Avec la fiscalité actuelle, il n’y aura pas de passage à l’essence sur les segments D et E. Si la récupération de la TVA est mise en place sur l’essence, cela modifiera légèrement le point d’équilibre.

-  KMS : Que représentent les utilitaires et les voitures de société dans votre activité ?
- F-X.C. : Ils comptent pour 30 % de notre activité avec des contrats moyens de 42 mois. Les secteurs sur lesquels nous sommes forts sont ceux du BTP et de la Distribution. Nous louons les VU un peu plus longtemps que les VP.
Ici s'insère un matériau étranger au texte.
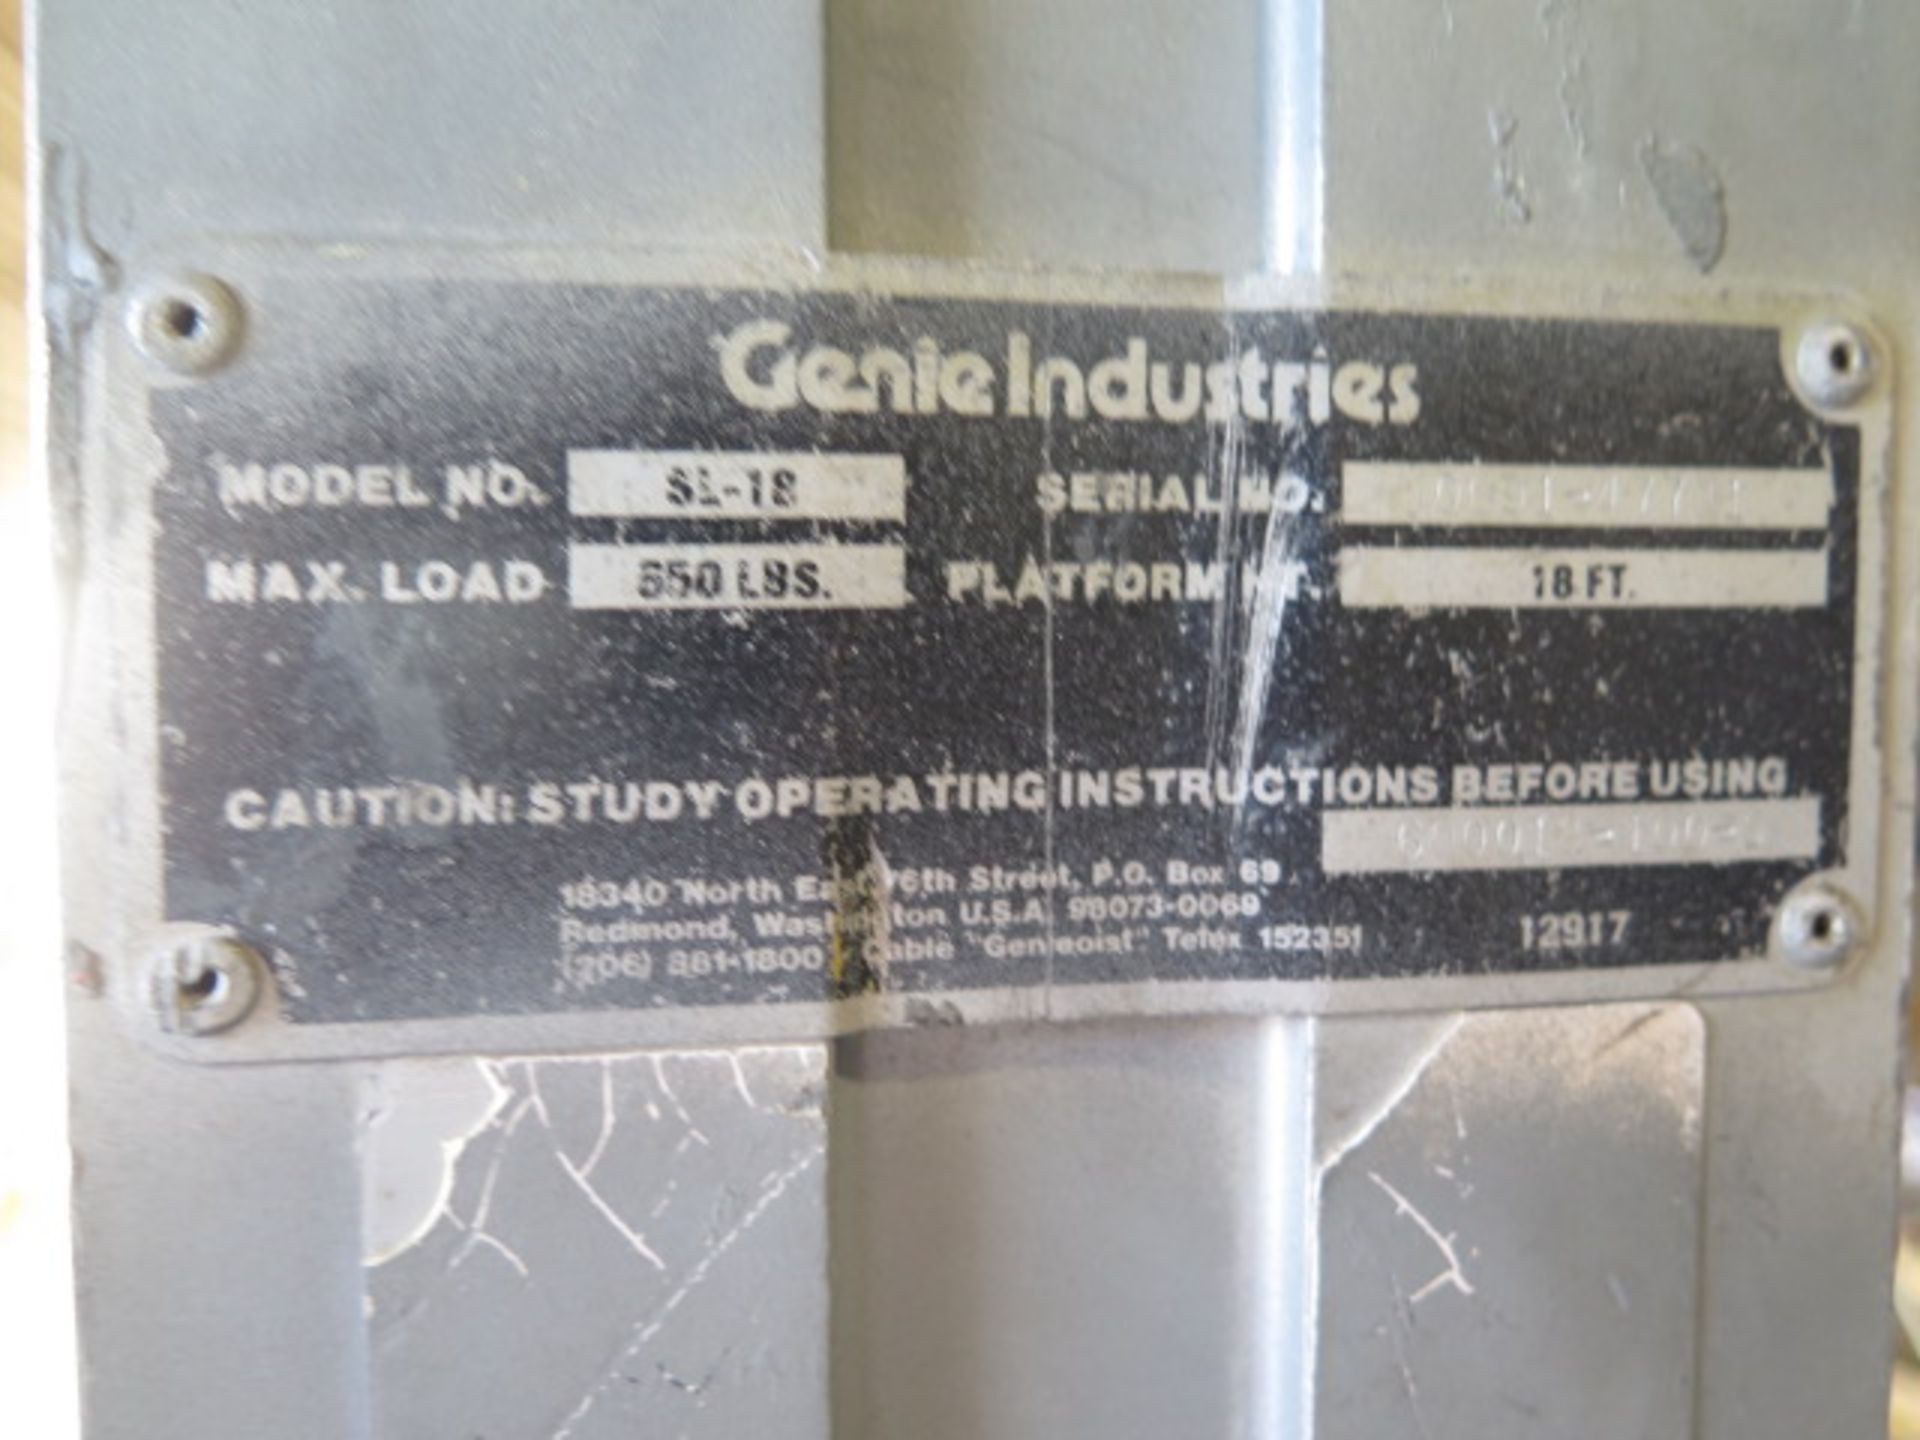 Genie "Super Lift" Material Lift (SOLD AS-IS - NO WARRANTY) - Image 8 of 8

-  KMS : Comment se passent les restitutions en fin de contrat ?
- F-X.C. : Dans la profession, le coût moyen d’une restitution est d’environ 500 euros, et nous sommes un peu en-dessous.
La facturation de fin de contrat constitue la première cause de réclamation des clients. Pour améliorer cette étape, Arval s’oriente vers une restitution chez le client avec vidéo. De façon générale, sur ce point-là, il y a une action pédagogique à mener vers nos clients.

-  KMS : En conclusion, pourquoi une PME se tournerait vers la LLD et vers vous ?
- F-X.C. : Venir vers Arval pour des véhicules en LLD signifie la tranquillité d’esprit avec des coûts maîtrisés, un budget constant et prévisible, sans aucuns risques. Nous proposons un grand choix de véhicules aux meilleures conditions du marché et sans immobilisation de cash pour l’entreprise. De plus la qualité du service fait partie des points forts d’Arval.